» **DIRECTIONS FOR THIS TASK**
Restate every line of the material below word for word, skipping the images.

» **COLLECTED DATA**
• • • • • • •

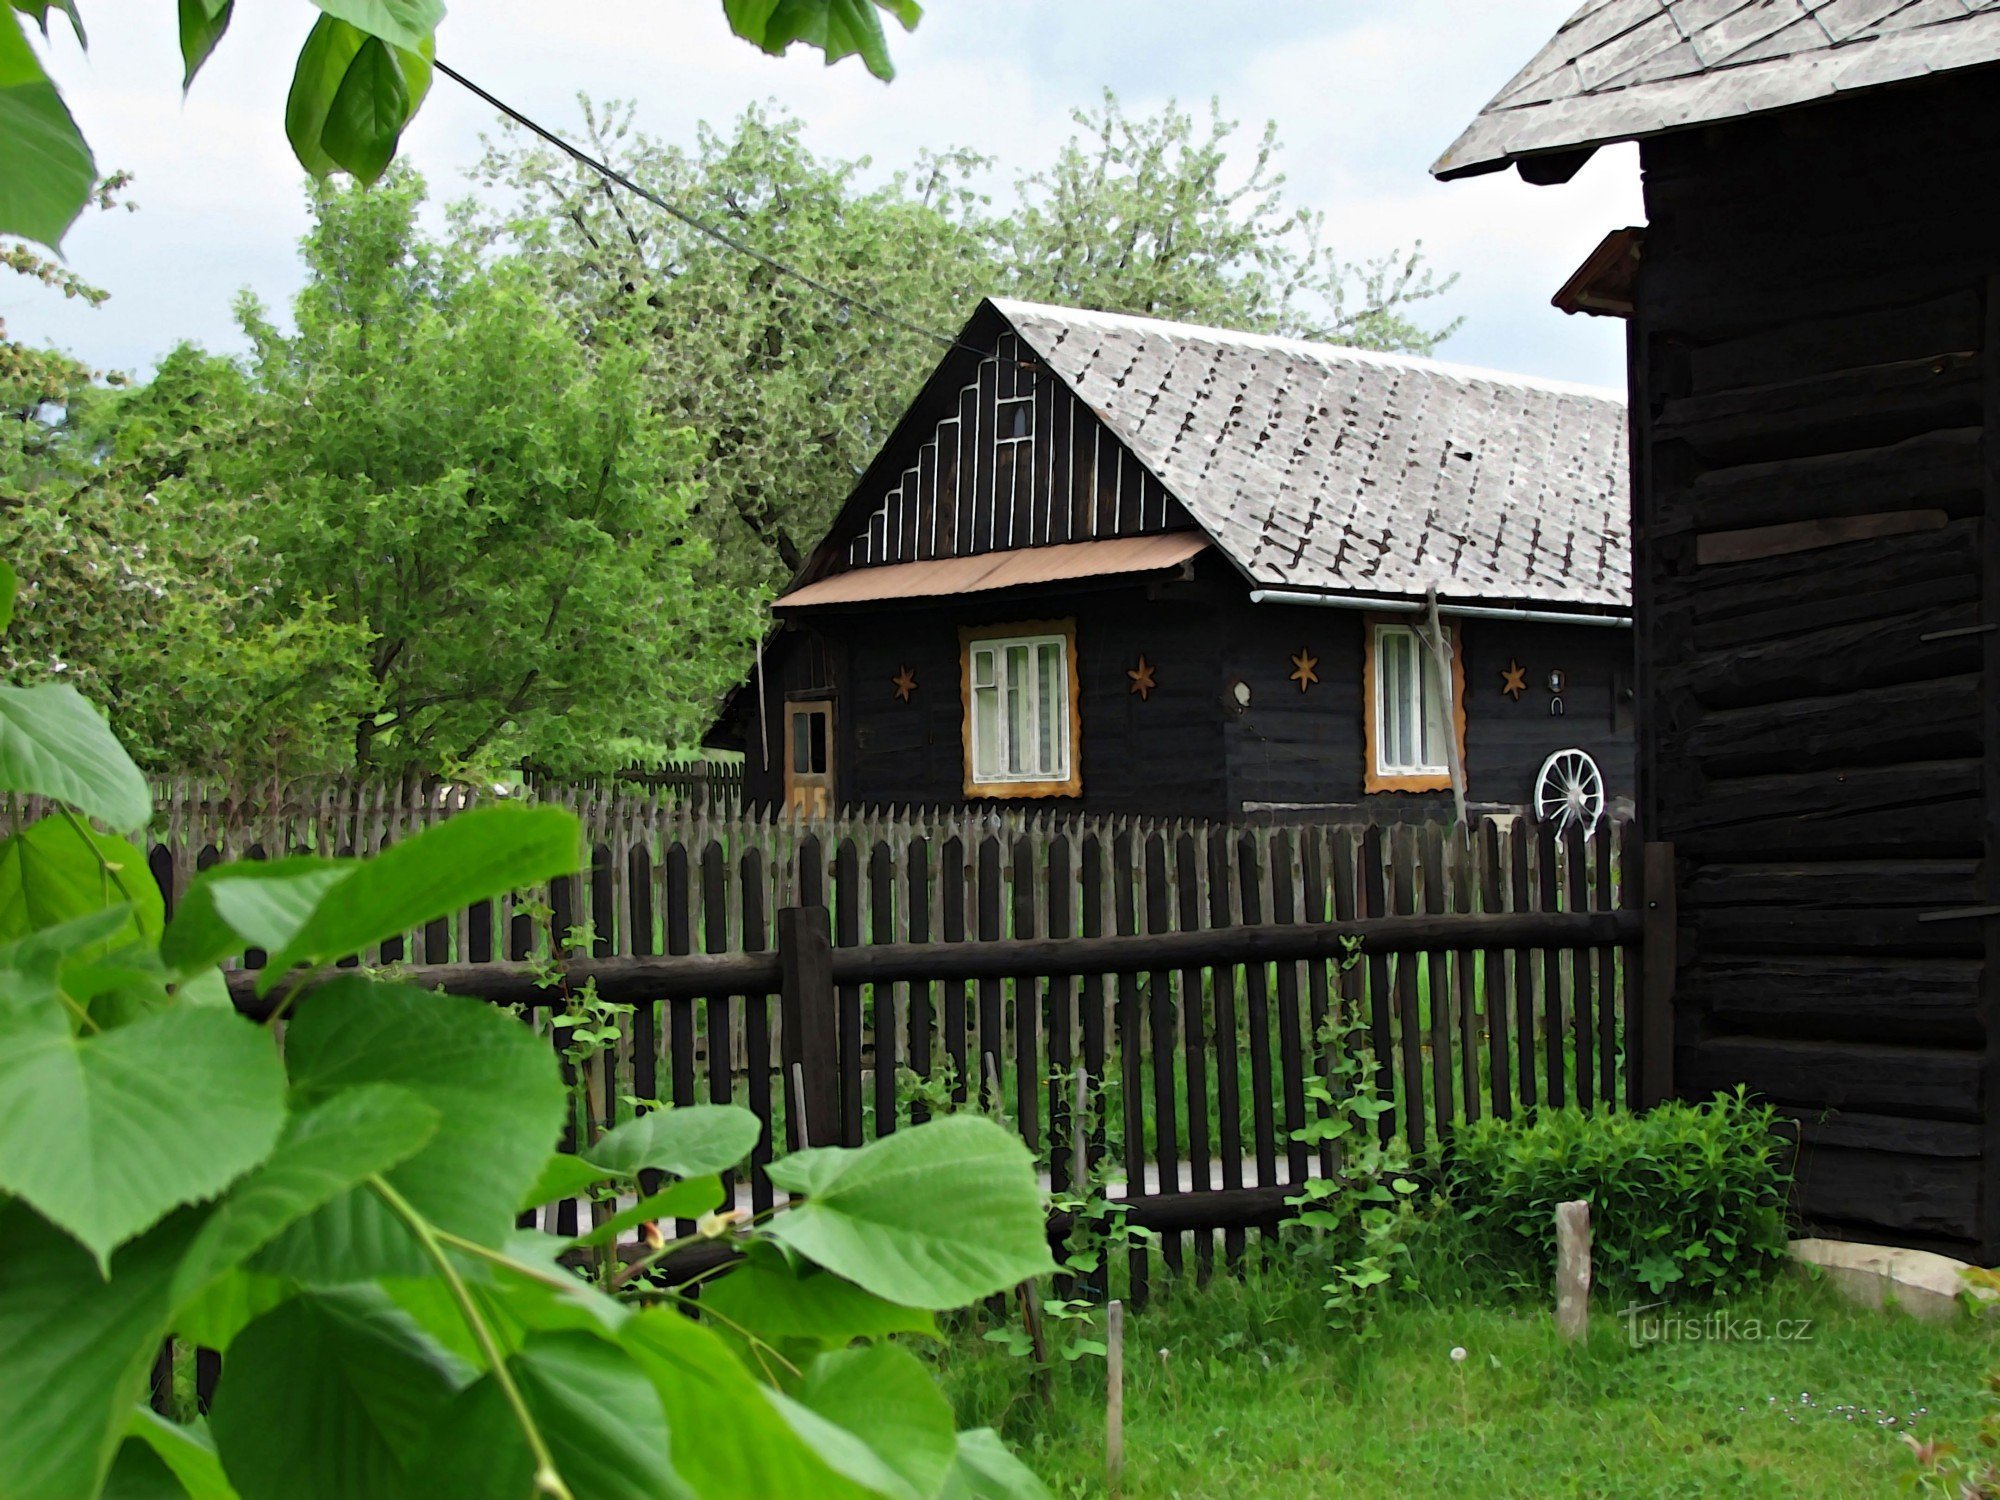 Una passeggiata attraverso il villaggio valacco di Pozděchov
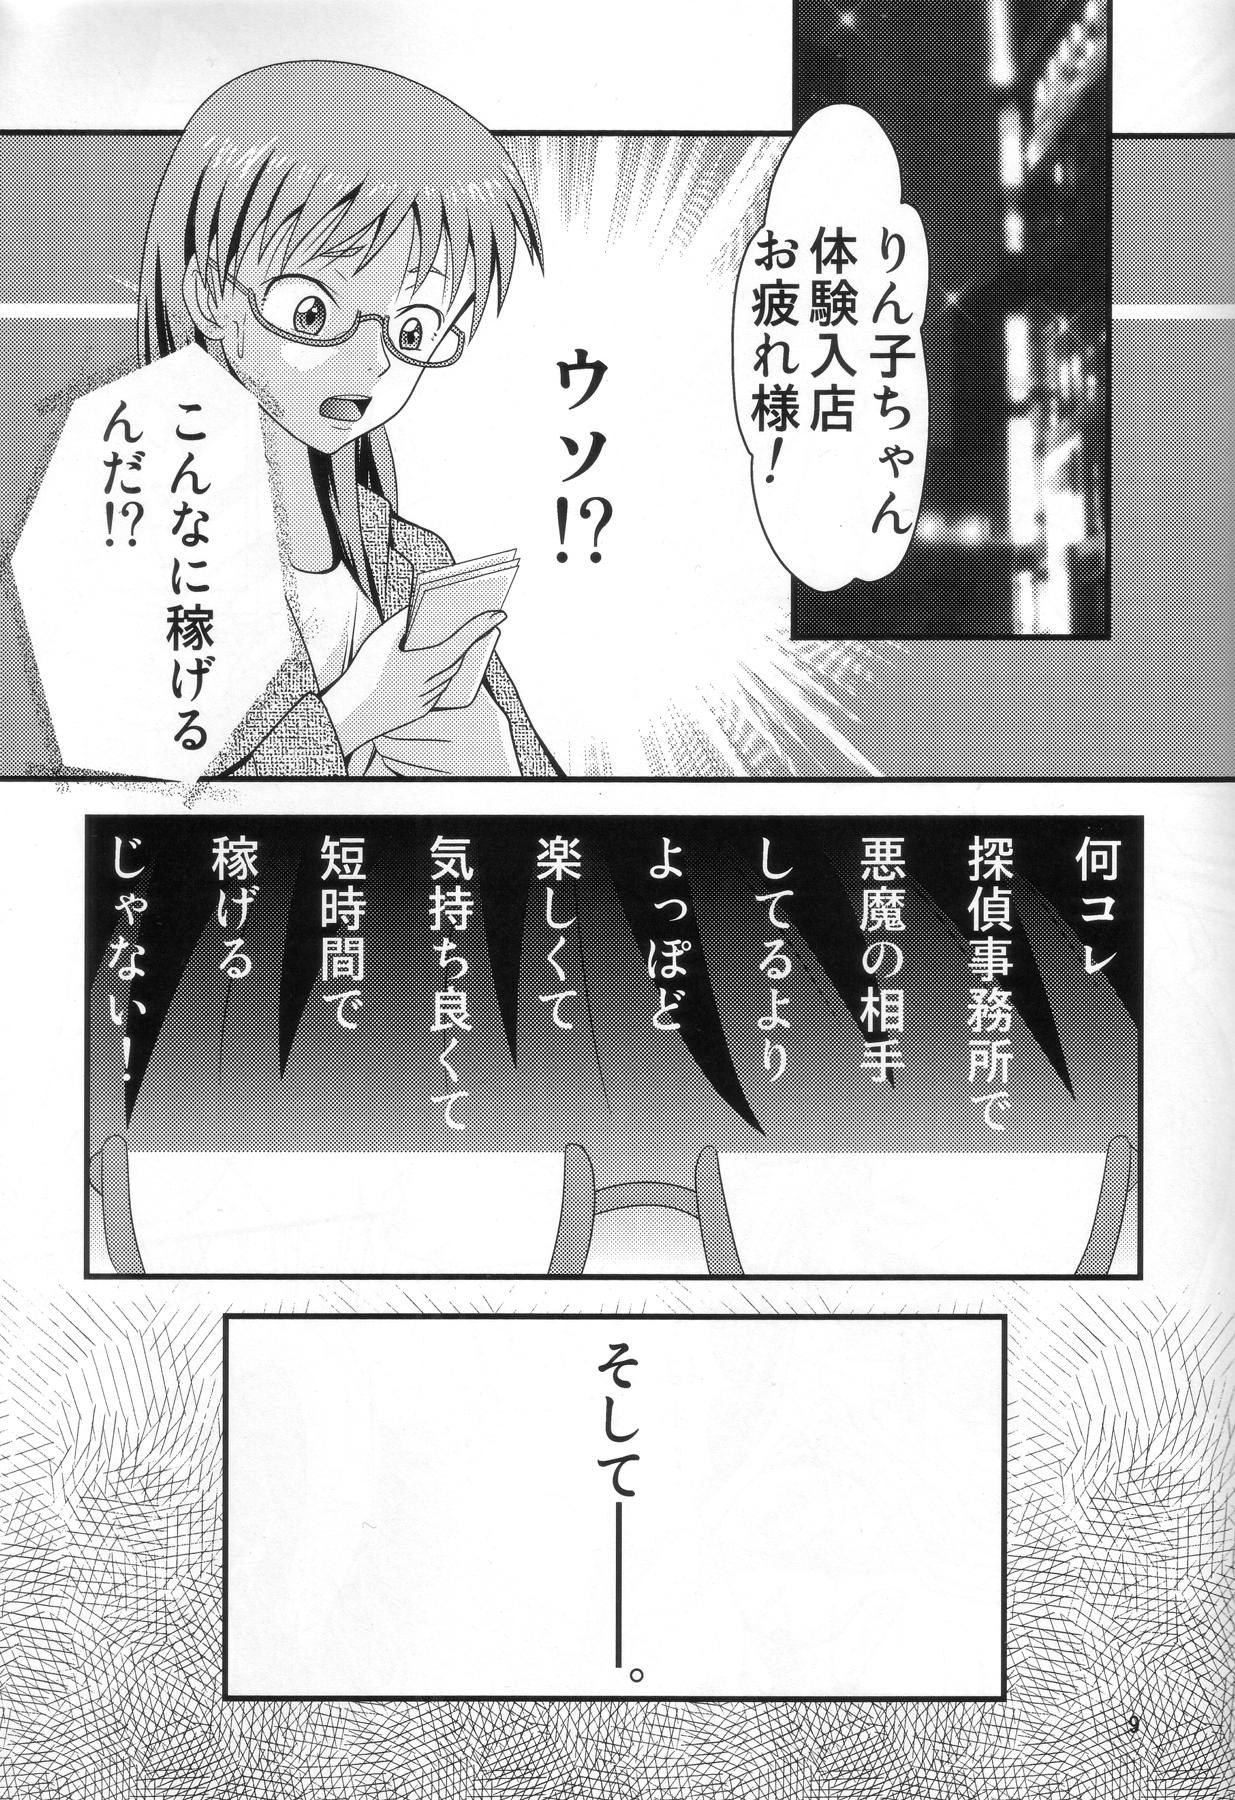 Stockings 七変化ですよ、佐隈さん。 - Yondemasuyo azazel-san Naija - Page 8
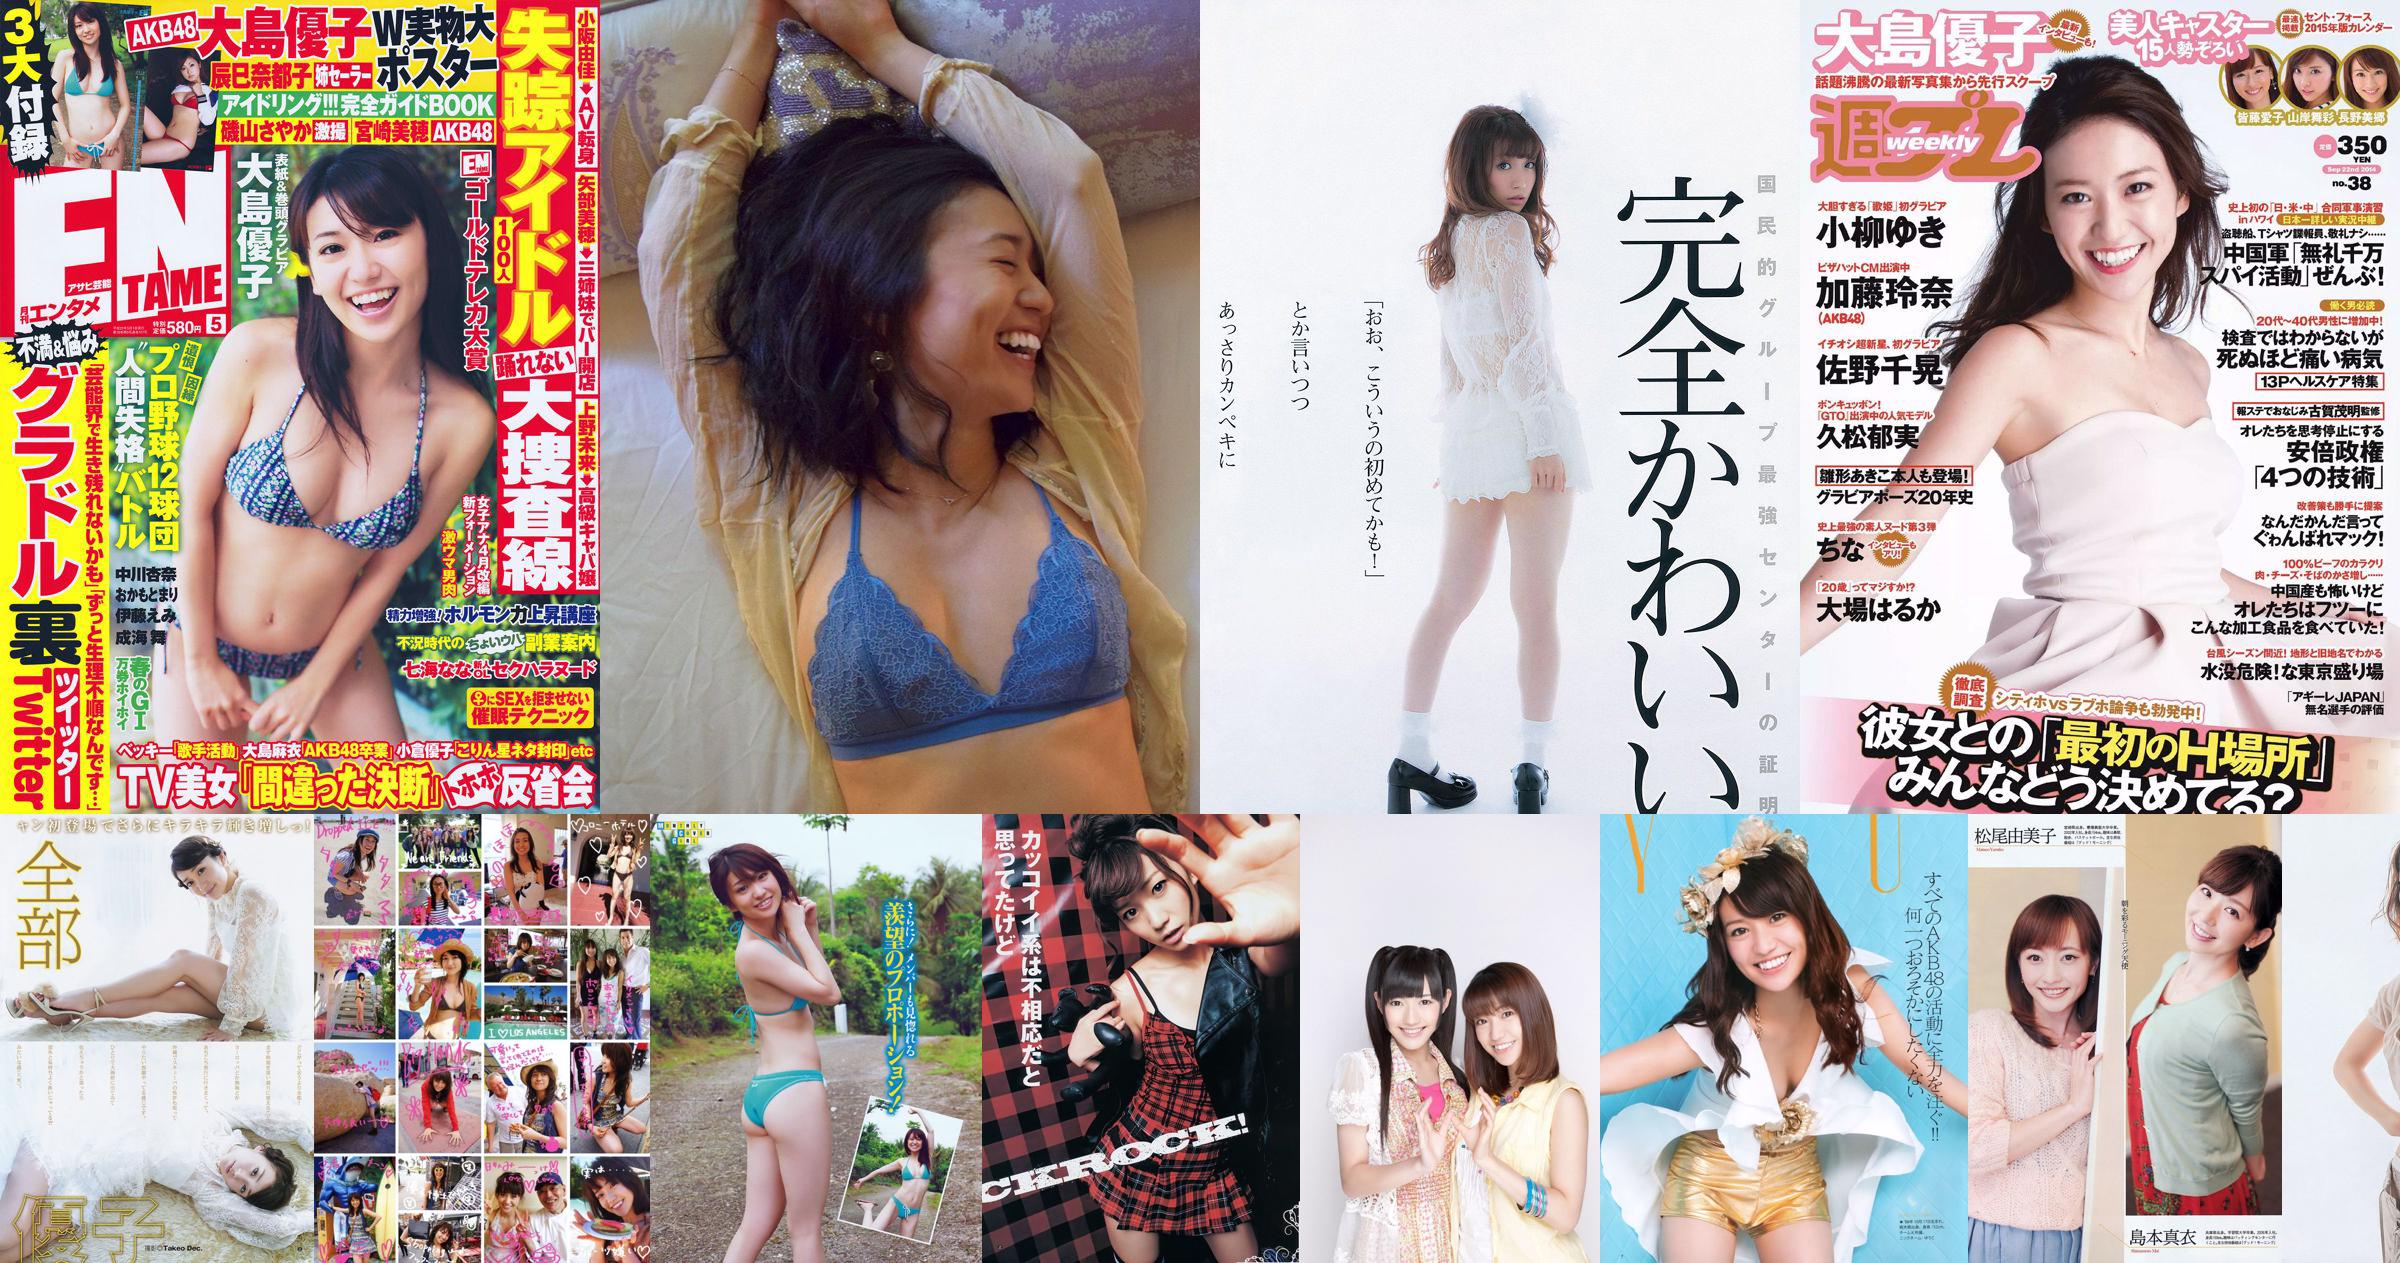 Yuko Oshima Mari Yamachi Mio Otani Rina Koike Mai Kamuro Aiko Eguchi [Weekly Playboy] 2014 No.10 Photographie No.677457 Page 1

• • • • • • •

» **WRITTEN ANSWER**
 Una passeggiata attraverso il villaggio valacco di Pozděchov
 Stockings 七変化ですよ、佐隈さん。 - Yondemasuyo azazel-san Naija - Page 8
 Yuko Oshima Mari Yamachi Mio Otani Rina Koike Mai Kamuro Aiko Eguchi [Weekly Playboy] 2014 No.10 Photographie No.677457 Page 1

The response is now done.